Hermione resta silencieuse un instant, le regard baissé, avant de poser sa voix dans la conversation :
— Minerva a raison de s'inquiéter. Mais vous avez raison aussi, professeur. C'est pourquoi je propose une alternative.
Tous les regards se tournèrent vers elle.
— Et si nous les formions… à la manière d'un apprentissage parallèle ? Défense, stratégie, esprit critique. Mais sans leur parler directement de l'Ordre. Pas encore. Lorsqu'ils quitteront Poudlard, alors ils auront le choix. En connaissance de cause. Pas avant.
McGonagall sembla hésiter, sa mâchoire serrée.
— Et qui décidera de ceux qui sont "dignes" d'être formés ? interrogea-t-elle.
— Ils se révéleront d'eux-mêmes, répondit Hermione doucement. Comme nous l'avons fait, autrefois. Il ne s'agira pas de favoritisme, mais de responsabilité. Nous devons simplement… leur ouvrir une porte.
Un court silence suivit. Puis Dumbledore acquiesça d'un hochement lent de la tête.
— Soit. C'est une approche raisonnable. Miss Granger, je vous charge d'évaluer discrètement les élèves. Vous ne serez pas seule. Franck, Alice, Marlene… vous aurez l'œil.

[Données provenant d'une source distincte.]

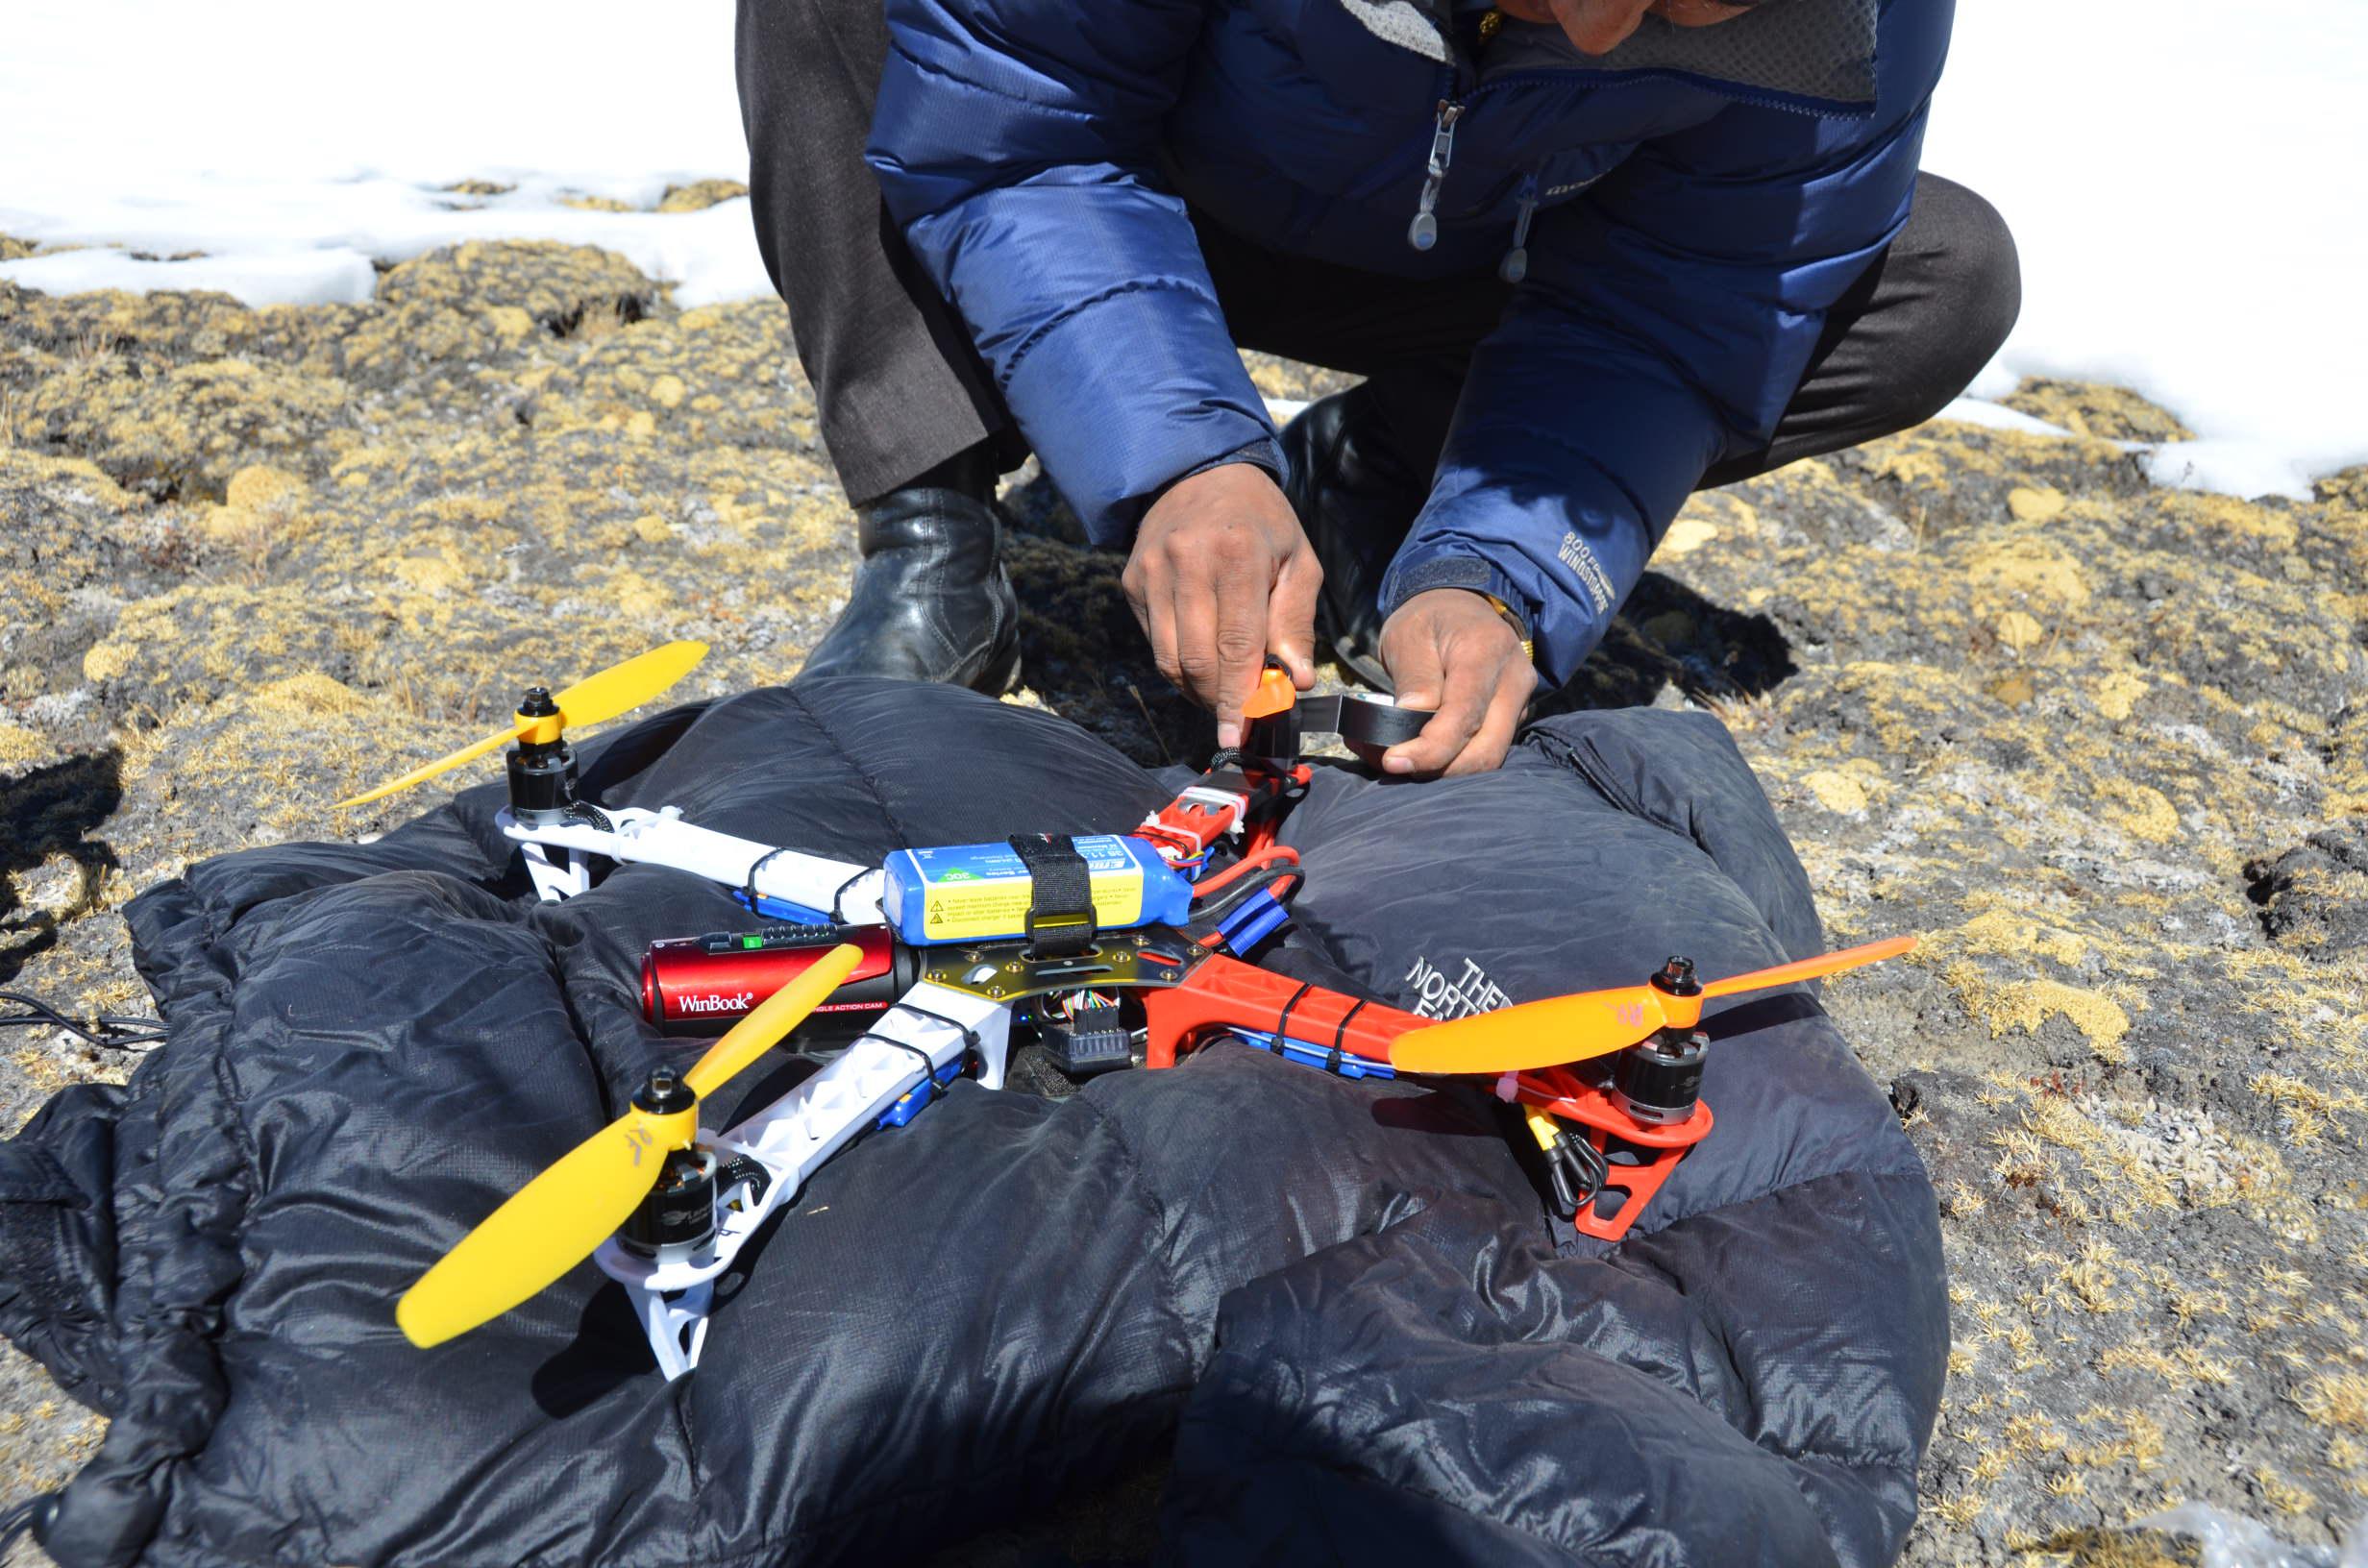 mck-wrk-3-26-15-drone-repair-at-kala-patthar-2015-03-26_00-04-48.jpg
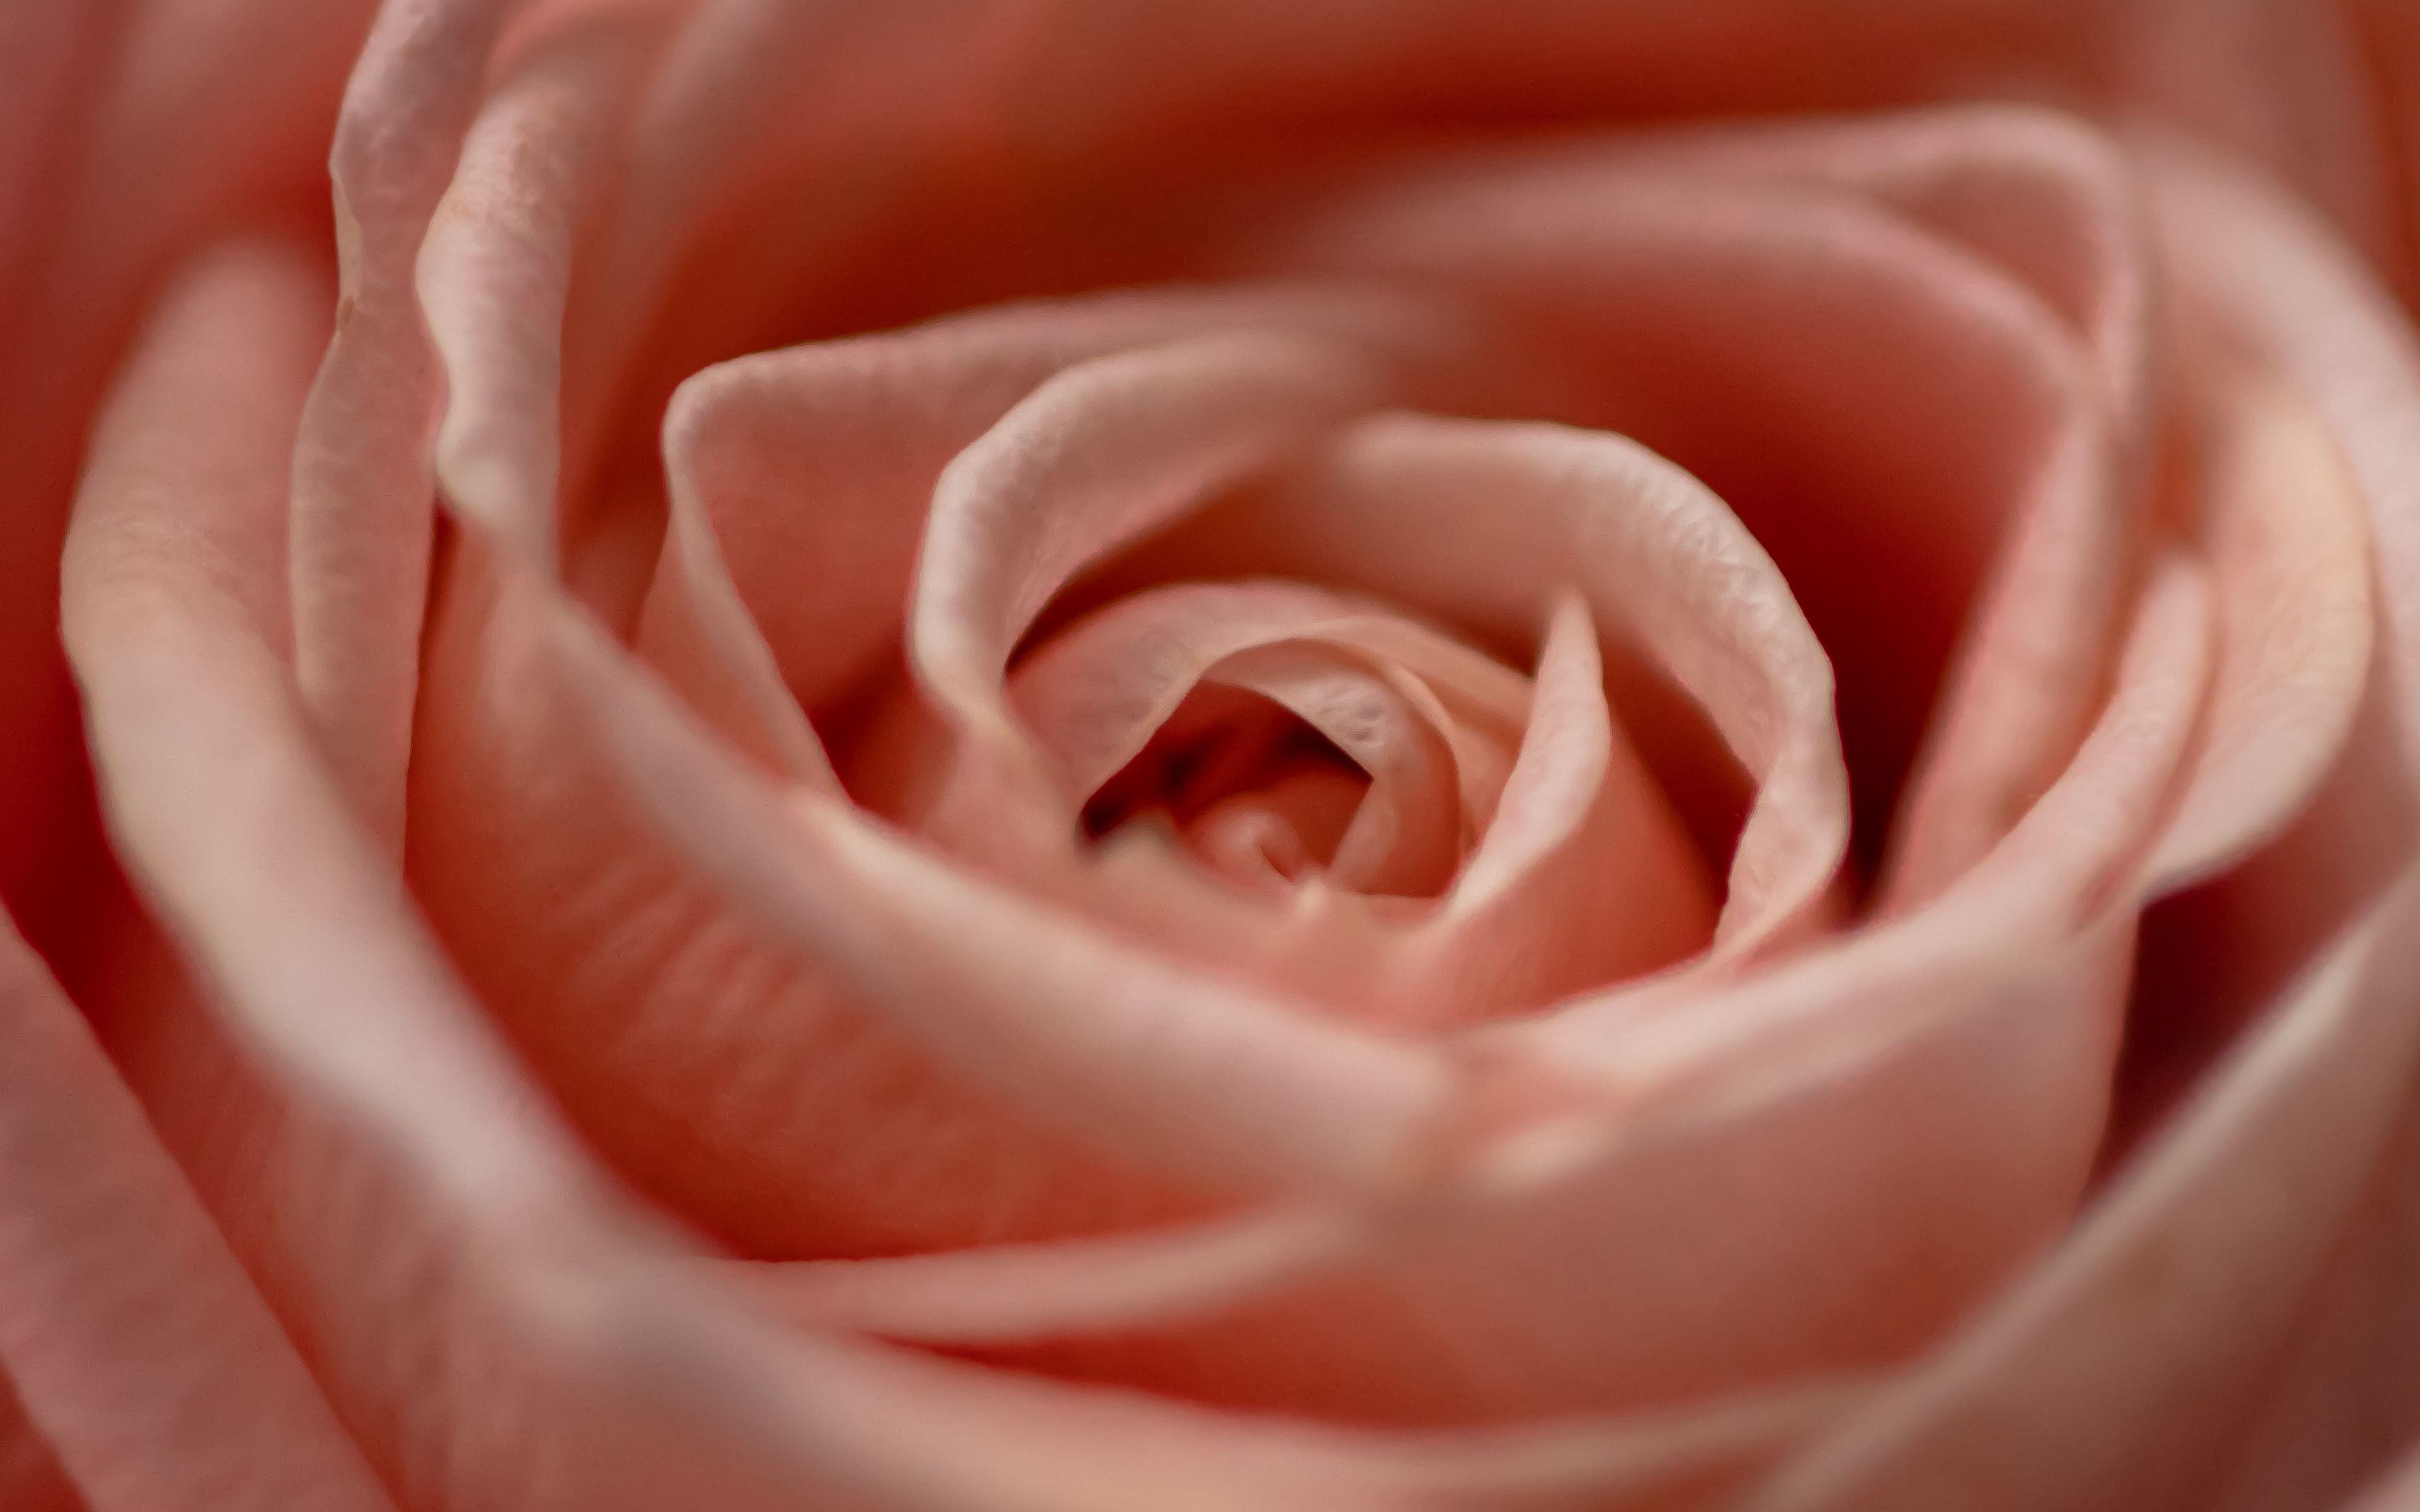 Fondos de pantalla Petalos de rosa de cerca

Il se redressa ensuite, l'air soudain plus grave.
— En attendant, une mission nous attend. Les rumeurs concernant un artefact disparu dans les ruines de Caer Dallben s'intensifient. Un objet ancien, maudit, qui pourrait être entre les mains des partisans de Voldemort.
— Quelle sorte d'objet ? demanda Maugrey en se penchant en avant.
— Un médaillon. Noir. Inflexible à la magie classique. Il pourrait être bien plus qu'une simple relique.
Hermione sentit un frisson glacé courir le long de son dos. Ce médaillon, elle en avait entendu parler. Trop de fois.
— Je veux un petit groupe, poursuivit Dumbledore. Discret, rapide. Hermione, Franck, Emmeline. Vous partez demain matin.
McGonagall inspira lentement, visiblement contrariée. Mais elle ne dit rien. Pas tout de suite.
Hermione croisa son regard, et dans celui de Minerva, elle lut ce qu'elle ne disait pas : la peur de perdre encore.
Mais ce combat, elles le mèneraient ensemble — sur deux fronts : celui de la guerre qui s'approche… et celui des jeunes qu'il fallait protéger, sans les aveugler.